++++ Information shown

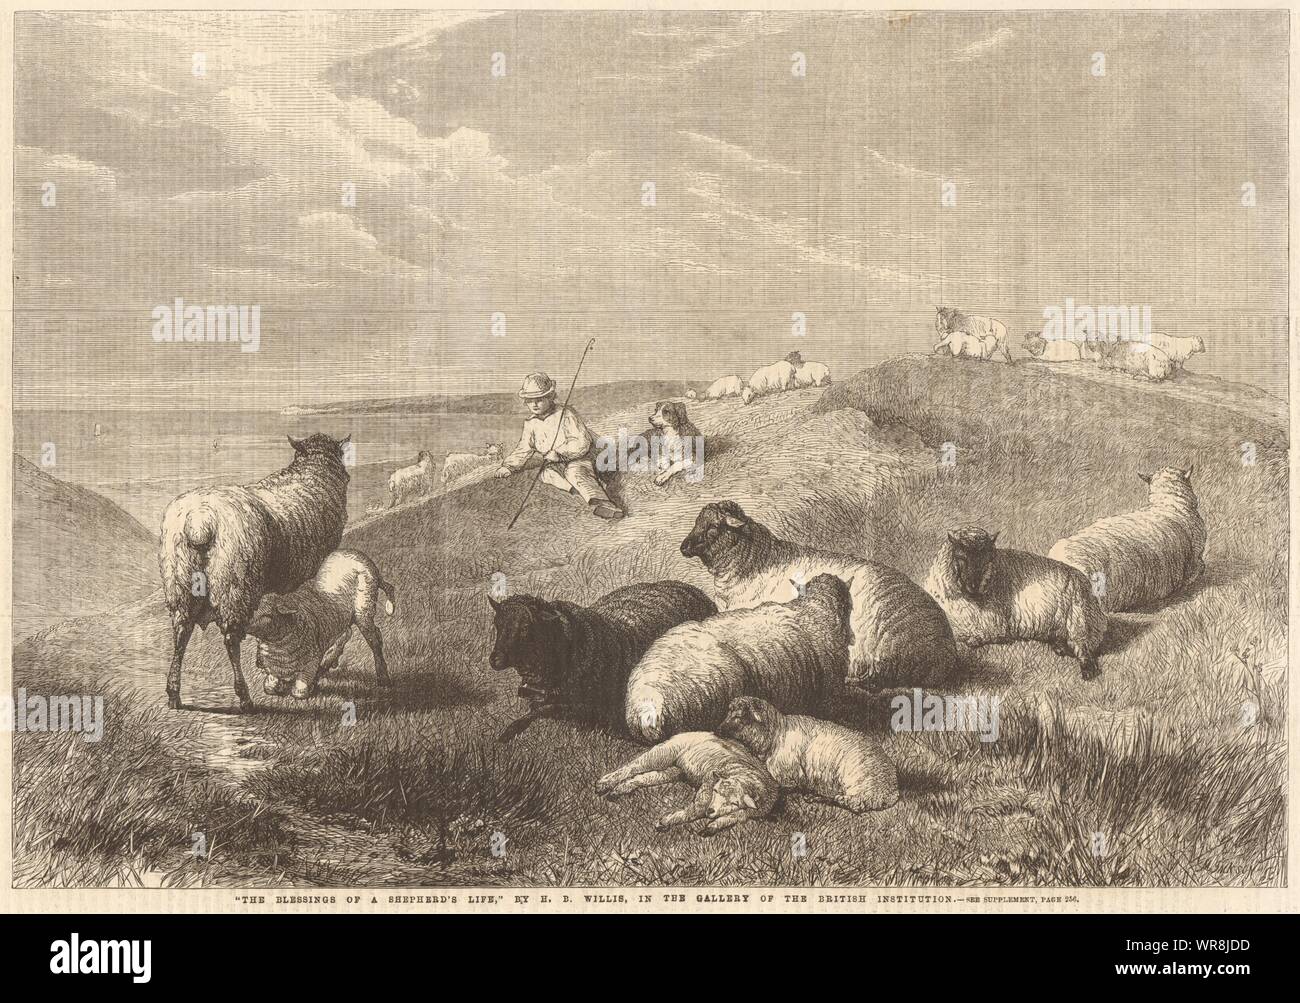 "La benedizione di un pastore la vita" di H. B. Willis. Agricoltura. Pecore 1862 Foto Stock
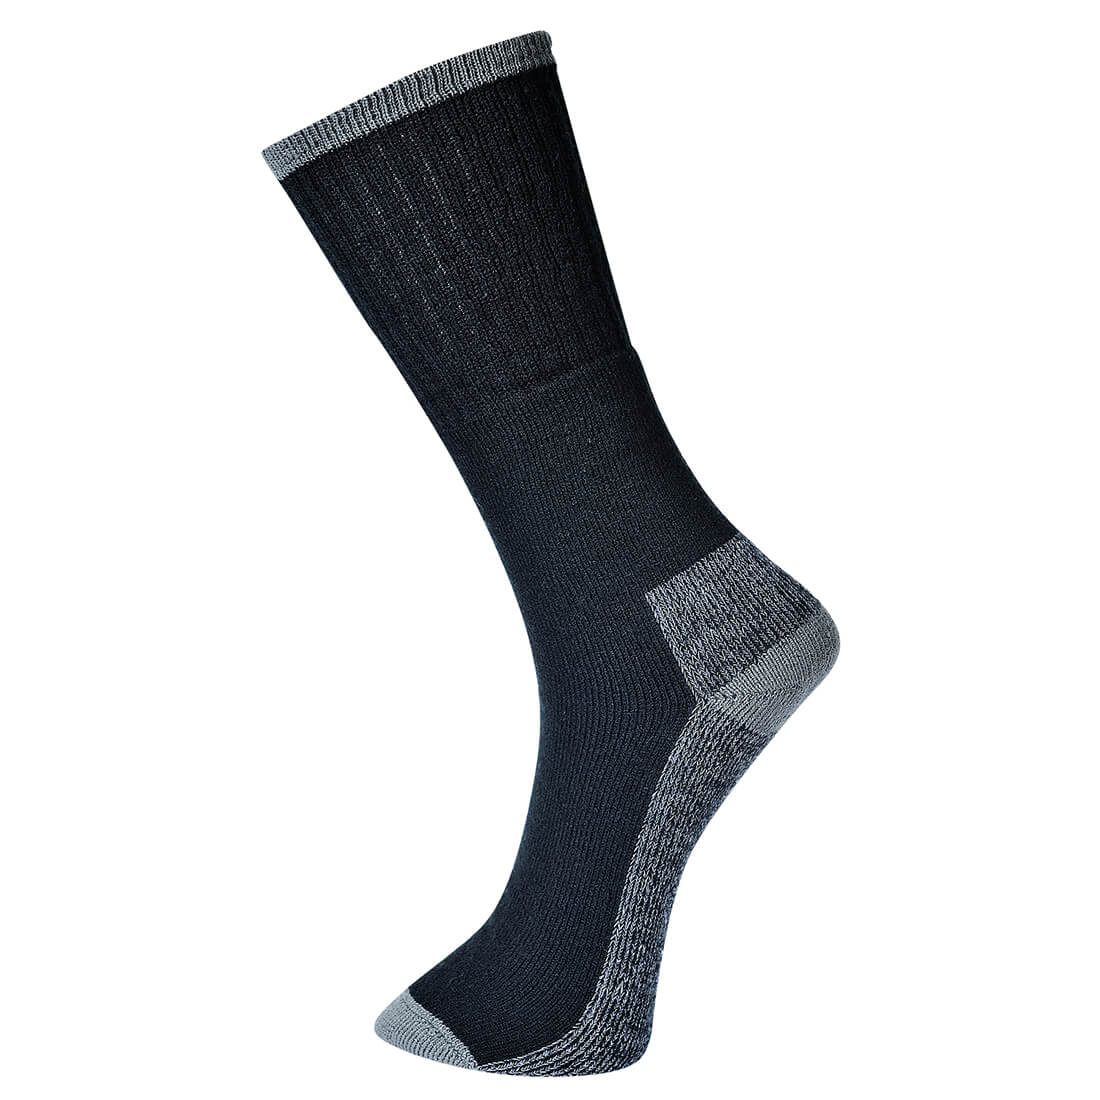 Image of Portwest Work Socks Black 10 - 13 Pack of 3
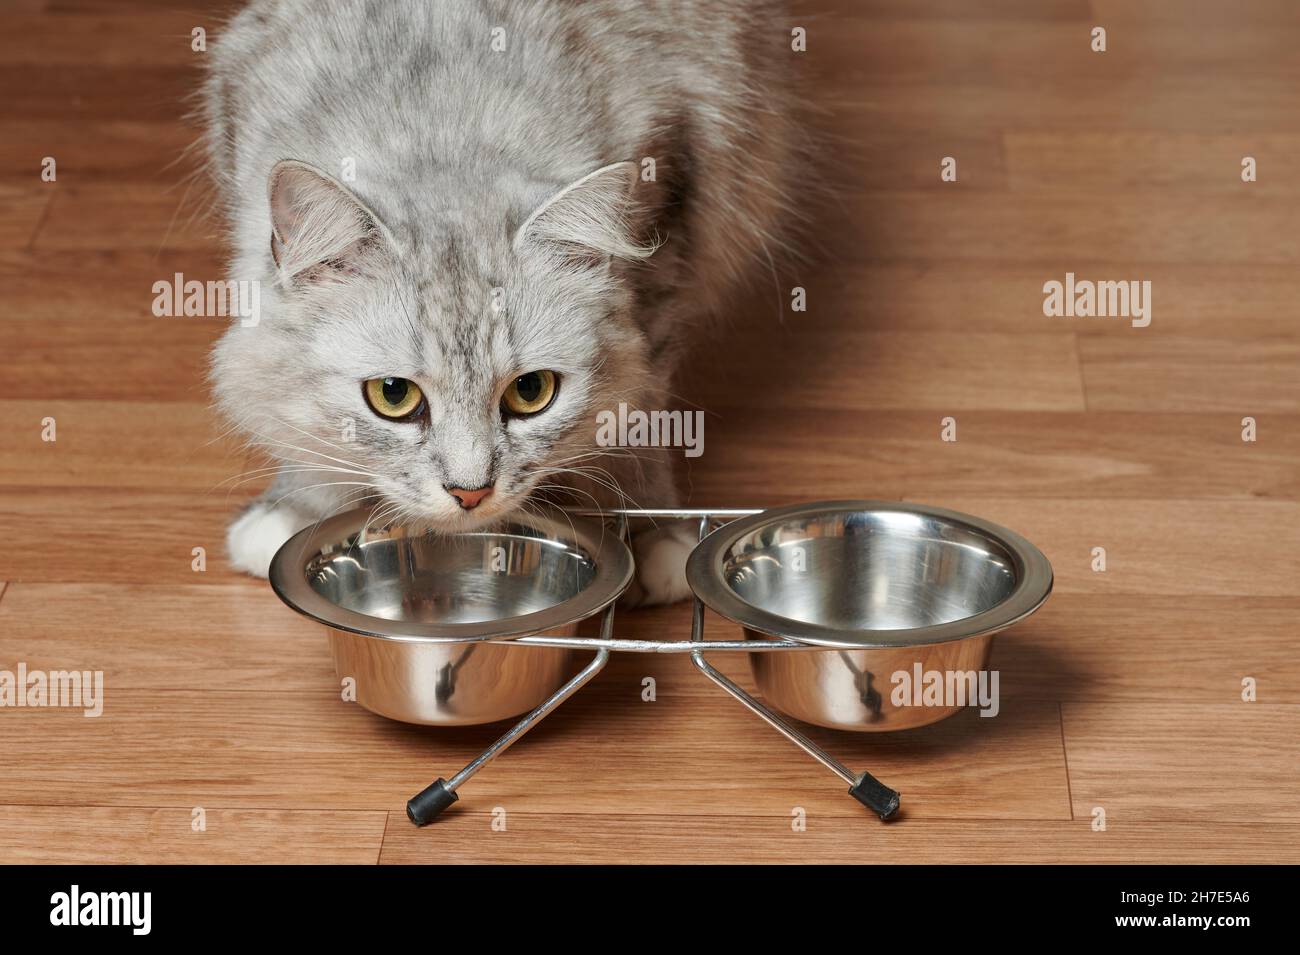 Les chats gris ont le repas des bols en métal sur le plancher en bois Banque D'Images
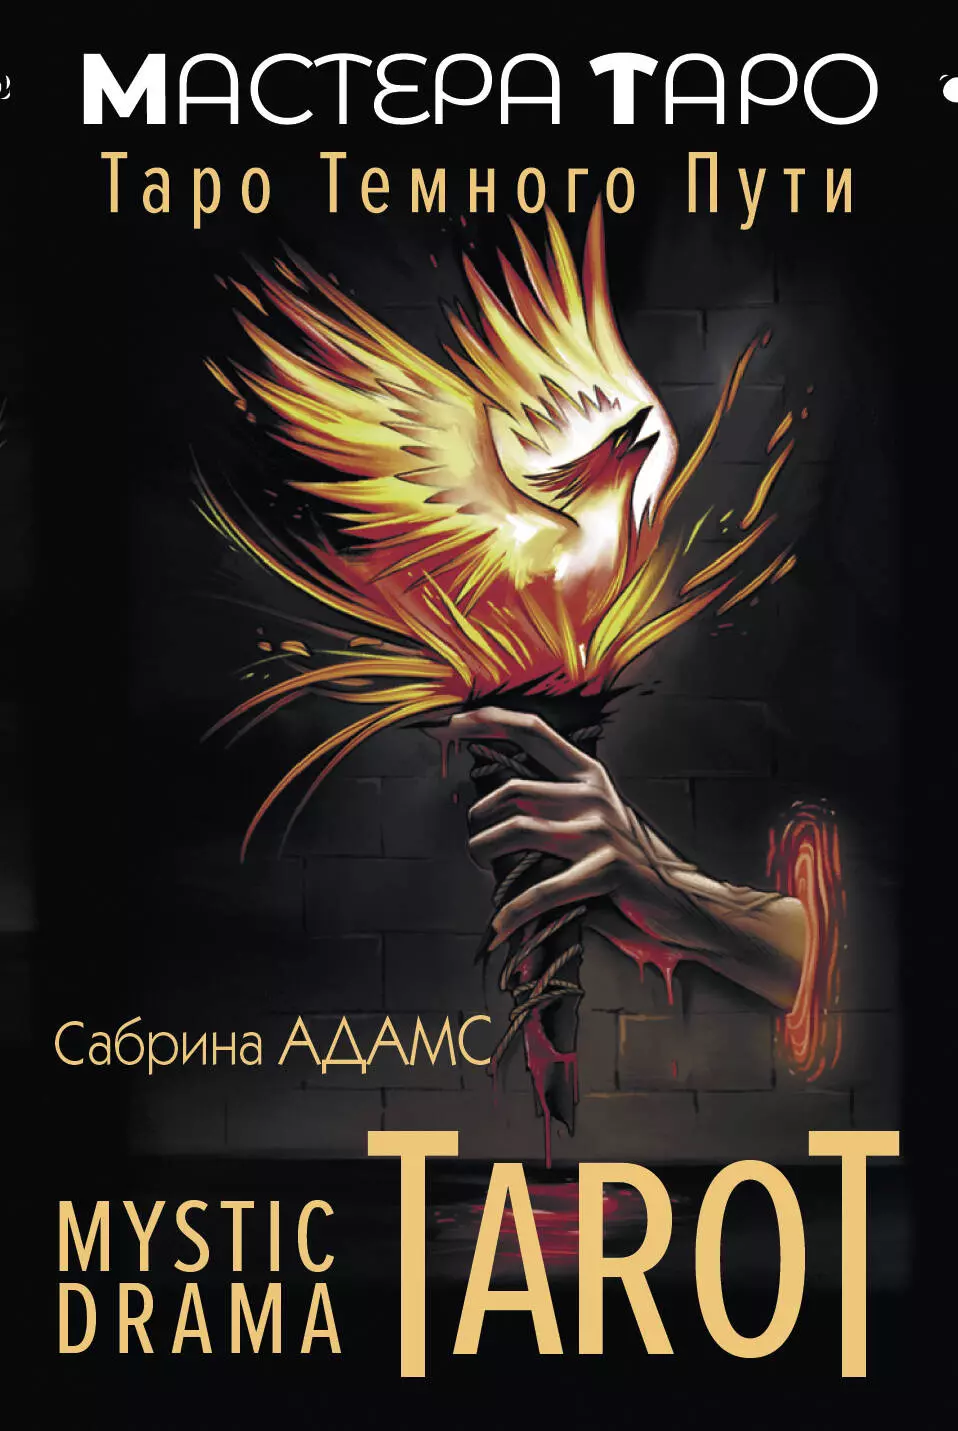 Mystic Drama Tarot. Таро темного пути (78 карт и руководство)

++++++++

• **Exercise**
Skipping the pictures, transcribe each line above exactly as it appears.

• **Exercise response**
 "La benedizione di un pastore la vita" di H. B. Willis. Agricoltura. Pecore 1862 Foto Stock
 Image of Portwest Work Socks Black 10 - 13 Pack of 3
 Les chats gris ont le repas des bols en métal sur le plancher en bois Banque D'Images
 Mystic Drama Tarot. Таро темного пути (78 карт и руководство)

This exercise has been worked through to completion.